<?php require_once('db.php'); ini_set('display_errors', 1); ini_set('error_reporting', E_ALL); $link = mysqli_connect($db_host, $db_user, $db_pass, $db_name); if (!$link) { die('<p style="color:red">'.mysqli_connect_errno().' - '.mysqli_connect_error().'</p>'); } $rank1 = $_POST['rank1']; $rank2 = $_POST['rank2']; $cena = $_POST['paymentamount']; $steam = $_POST['steam']; $skype = $_POST['skype']; $nomerz = rand(10000, 99999); $query = mysqli_query($link, "INSERT INTO order_boost (rank1,rank2,cena,steam,skype,nomerz) VALUES ($rank1, $rank2, $cena, $steam, $skype, $nomerz)"); if ($query) { echo "Запрос успешно выполнен!"; } else { echo "Ошибка"; } mysqli_close($link); ?>

But the request is not executed, "error" is displayed

  • If you speak Russian, then you have written: IF rank1 EXISTS, THEN CREATE A VARIABLE $ rank1 But there is no other way. That is, in cases where rank1 does not exist, the $ rank1 variable will not exist. But while in the sql expression you are trying to use the $ rank1 variable in any situation, even if it is not declared - dakiesse
  • as a solution, declare variables up to if; $ rank1 = $ rank2 = $ cena = $ stream = $ skype = ''; - dakiesse

2 answers 2

The first variant of the cause of the problem — the empty value of the passed parameter — has already been considered.

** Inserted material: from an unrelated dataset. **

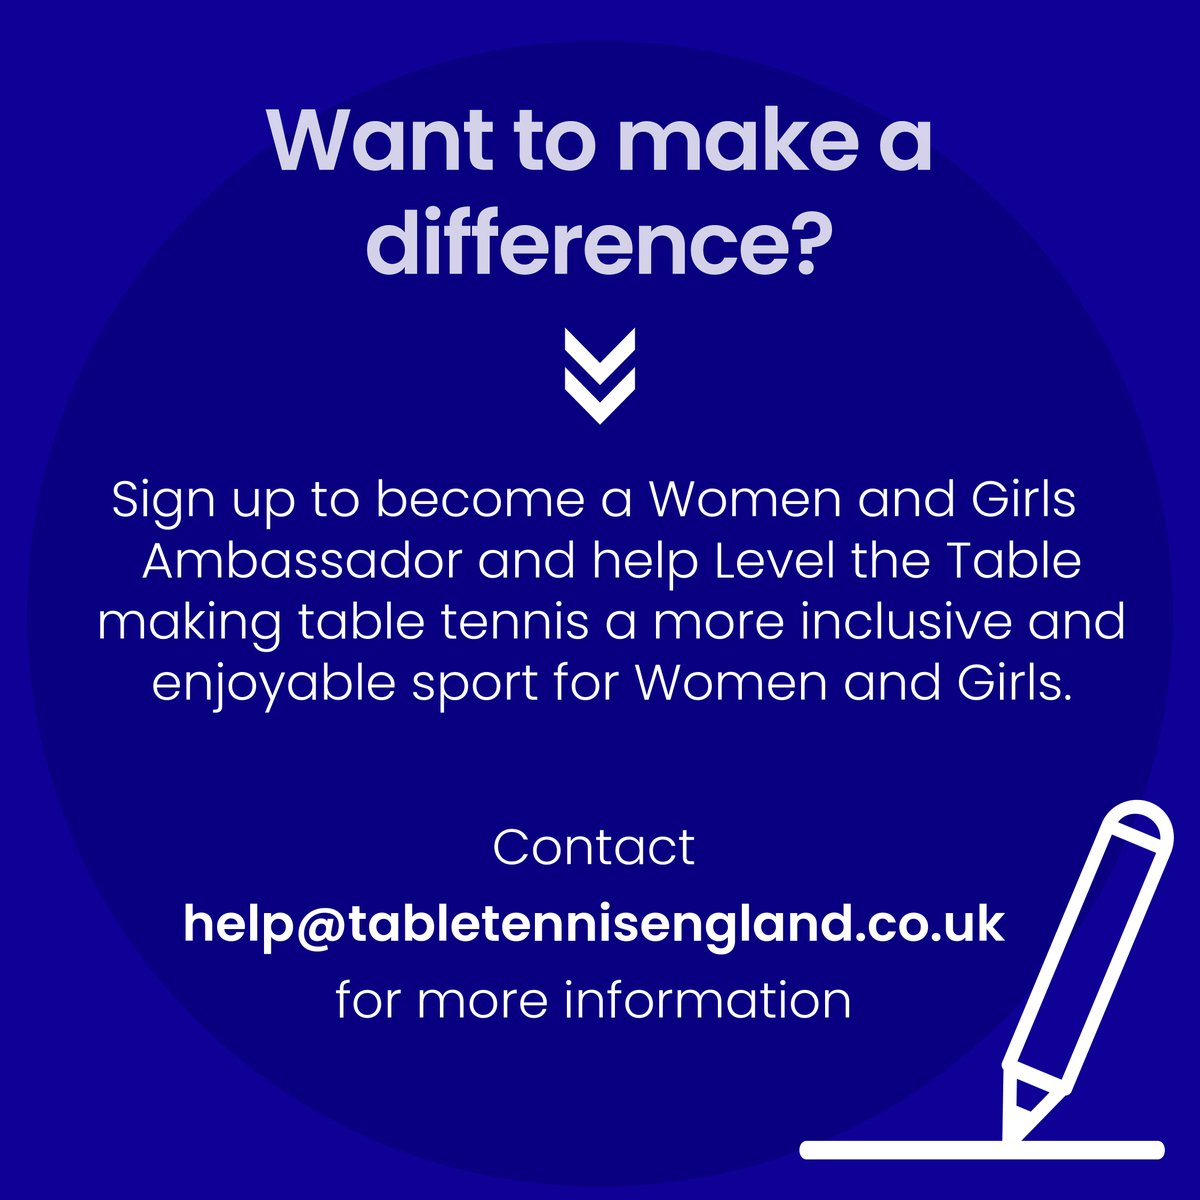 On #InternationalWomensDay, we hosted an insight session to understand the challenges that women and girls face in #tabletennis. Our Women and Girls Ambassador Programme aims to address these challenges. Find out more here 👉loom.ly/7y0Y4PY

The second option is that the values ​​for the fields of the string type are not quoted.

Try the code in this form:

 $strSQL = "INSERT INTO order_boost (rank1,rank2,cena,steam,skype,nomerz) VALUES ($rank1, $rank2, $cena, $steam, $skype, $nomerz)"; $query = mysqli_query($link, @strSQL);

and see what kind of query text is formed in the variable. Try it from the console and see what the server says. In the end, instead of the abstract

 echo "Ошибка";

output what the server returned.

  • Error1064: You have an error in your SQL syntax; If you’re the right line , you ’ll find out what you want to use. ” - Satont Worldwide
  • Well, I could correct my typo and write $ strSQL instead of @strSQL in the second statement. - Akina
  • Now the script is not executed: Failed to load resource: the server responded with a status of 500 (Internal Server Error) - Satont Worldwide
  • Well, what kind of query text is formed in a variable - will you show it? UPD: and at the same time what the server returned - in the sense of the MySQL server. - Akina

A POST with a value of $ rank probably comes empty, but the variables in the database do not matter. So it turns out that an empty POST has come - it means that we are not declaring variables, and accordingly there is an error from here. Make a condition if POST came empty $ rank = ""; , well, or do not enter into the database at all, as you like, the main thing is to declare these variables in any case.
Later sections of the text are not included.